В последний раз я видела Виктора Андреича одной поздней осенью. Мы с Машей и Леной, уже подростки, маялись на улице. В городском парке меня робко окликнули по имени. Мой сгорбленный, вечно виноватый герой сушил скверно нарисованные афиши у подсобки возле колеса обозрения. Он пригласил нас заглянуть внутрь. Крошечная комнатка, заставленная рамами с холстами, краски, широкие кисти сушатся на тряпицах. Пахло маслом и нечистым жильем. Подруги демонстративно сморщили носы и встали поодаль, бросая на меня выразительные взгляды.
Это был единственный раз, когда мы разговаривали, и я напрочь забыла – о чем. Наверняка о какой-нибудь чепухе. Меня нетерпеливо позвали. Я попрощалась с Виктором Андреевичем.
– Вечно ты с кем-то таким разговариваешь, – шипели мои рафинированные подруги. – Бомж какой-то.
– Он художник, – сказала я и потом злобно молчала всю дорогу домой.
В наш последний год в Кокчетаве шедевр был закончен, папа занимался внешней отделкой.
– Зачем так много? – спрашивала мама, указывая на ведра голубой краски, громоздящиеся в прихожей. – И половины хватило бы.
Ее беспокоили расходы на краску.
– Два раза пройдусь, чтобы не заржавело после первого паводка.
Наш трехэтажный дом заголубел колоннами, лестницей и затейливыми узорами перил. Незадолго до паводка папа провел неделю на даче, пообещав, что в мае нас с мамой ждет большой сюрприз.
– Какой, как думаешь? – спрашивала я маму.
– Виктор Андреич ваш спер что-то, вот и сюрприз.
В мае мы приехали в самый разгар поселковой починки. Не сразу заметили, что чего-то не хватает. Папа торжественно вел нас по дорожке, потом – по парадной лестнице на второй этаж. Он распахнул дверь в гостиную, и мы увидели: исчезли пухлый младенец и телевышка. Вся комната была варварски и бездушно закрашена белым, с декоративными брызгами поверх.
– Какая красота! – восхищалась мама; она трогала стены. – С пупырышками, так аккуратно! – Зашла в соседнюю комнату. – Женя, посмотри, у тебя розовые!
– Нравится? – спросил папа, не глядя на меня. Он не сомневался, что да.
– Угу, – угрюмо отозвалась я. – А где Виктор Андреевич?
– Я его отпустил. Остальное доделаю сам.
– Где он будет жить?
– Разберется. Посмотри, у тебя бабочки нарисованы.
Через несколько минут он спустился вниз и мы услышали вопль, полный отчаяния. С террасы второго этажа открылась ужасная картина: исчез наш зеленый туалет. На его месте зияла дыра, как на месте вырванного зуба.
– Ай! – кричал папа, подбегая к дыре снова и снова.
– Ай! – кричал он, хватаясь за голову и осматривая берег – не виднеется ли зеленая крыша.
«Так тебе и надо», – с удовольствием думала я, глядя на его страдания.
Туалета нигде не было. Мы еще неделю ходили по поселку, спрашивая, не прибило ли к кому наш зеленый туалет, но соседи только пожимали плечами.

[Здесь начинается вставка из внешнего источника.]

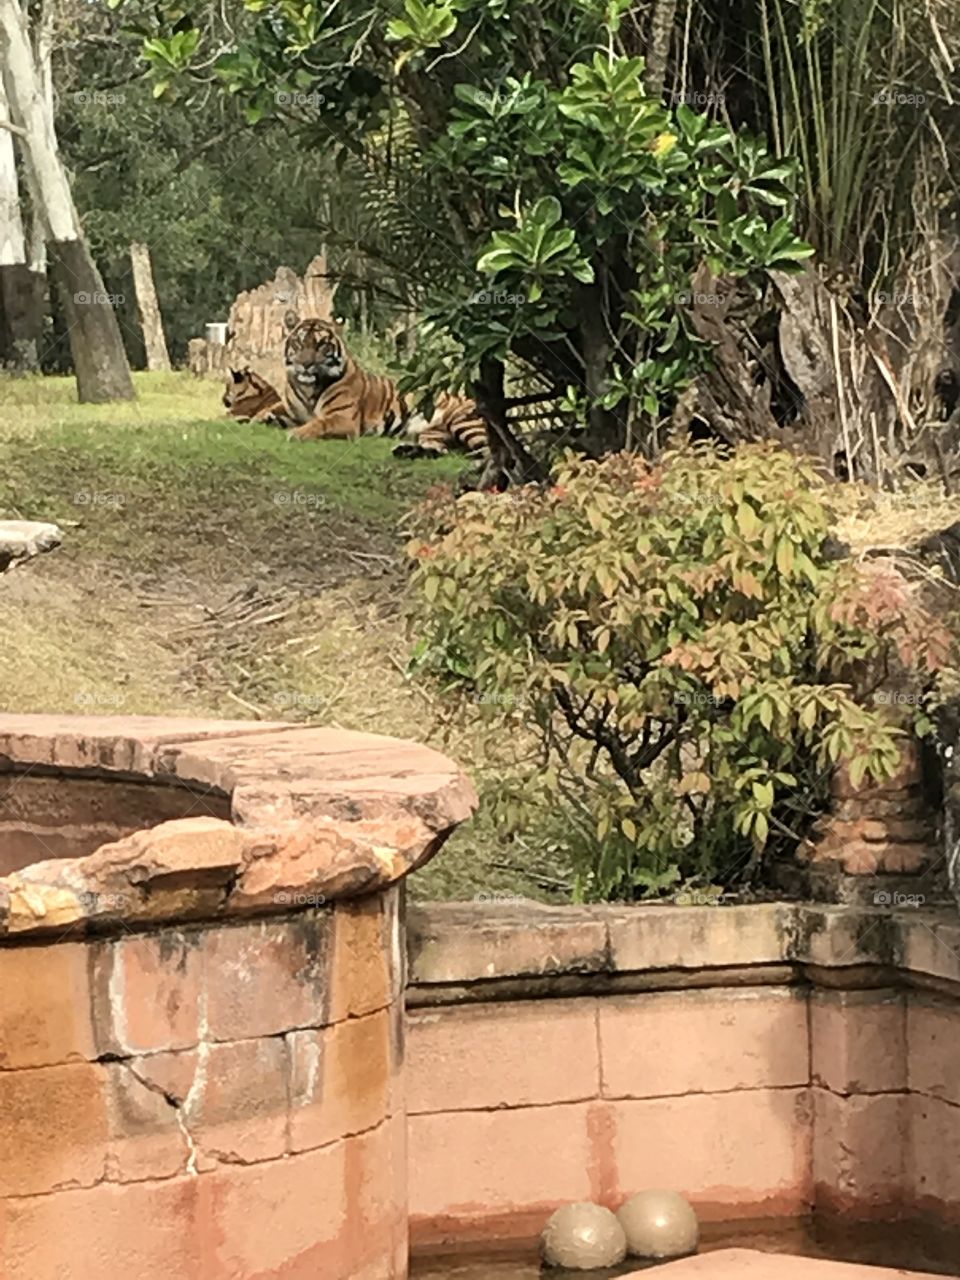 Tiger family in the distance

В середине мая вода окончательно спала, мы ждали вечернего автобуса в город. Был идиллический степной закат: красное солнце у горизонта окрашивало степь и сопки вдалеке. Пахло тиной и первым цветением.
Вдруг мама, любовавшаяся видами, резко встала со скамейки:
– Смотрите, что это там?
Она указывала в степь, в сторону извива речки. Мы смотрели против солнца и первое время ничего не понимали, а потом увидели: прямо на извиве, на берегу, окруженный ивняком и зарослями, стоит и сверкает на свету наш зеленый туалет.
Потрясенный папа молчал.
С противоположной стороны на горизонте показался тяжело приседающий автобус. Люди на остановке засобирались.
– Может, как-нибудь перенесем его обратно? – с сожалением предложила мама, глядя на папу.
Но папа весь съежился и ответил только:
– Нет.
ТАК ТЕБЕ И НАДО.
Мы загрузились в автобус.
Обычно, если были места, мы садились все вместе на строенное сидение, сразу у входа. Но на этот раз я села одна, наискосок.
– Женя, пойдем к нам, – окликнул меня кто-то из них.
«Отвяжитесь вы от меня», – устало думала я, глядя в окно и делая вид, что не слышу.
Но родители в кои-то веки пришли к согласию:
– Отстань от нее, пусть сидит отдельно.
– Ладно, пусть сидит.
Автобус тронулся.
Я смотрела на залитую солнцем степь. Мне было четырнадцать лет, и я была уже – отдельно.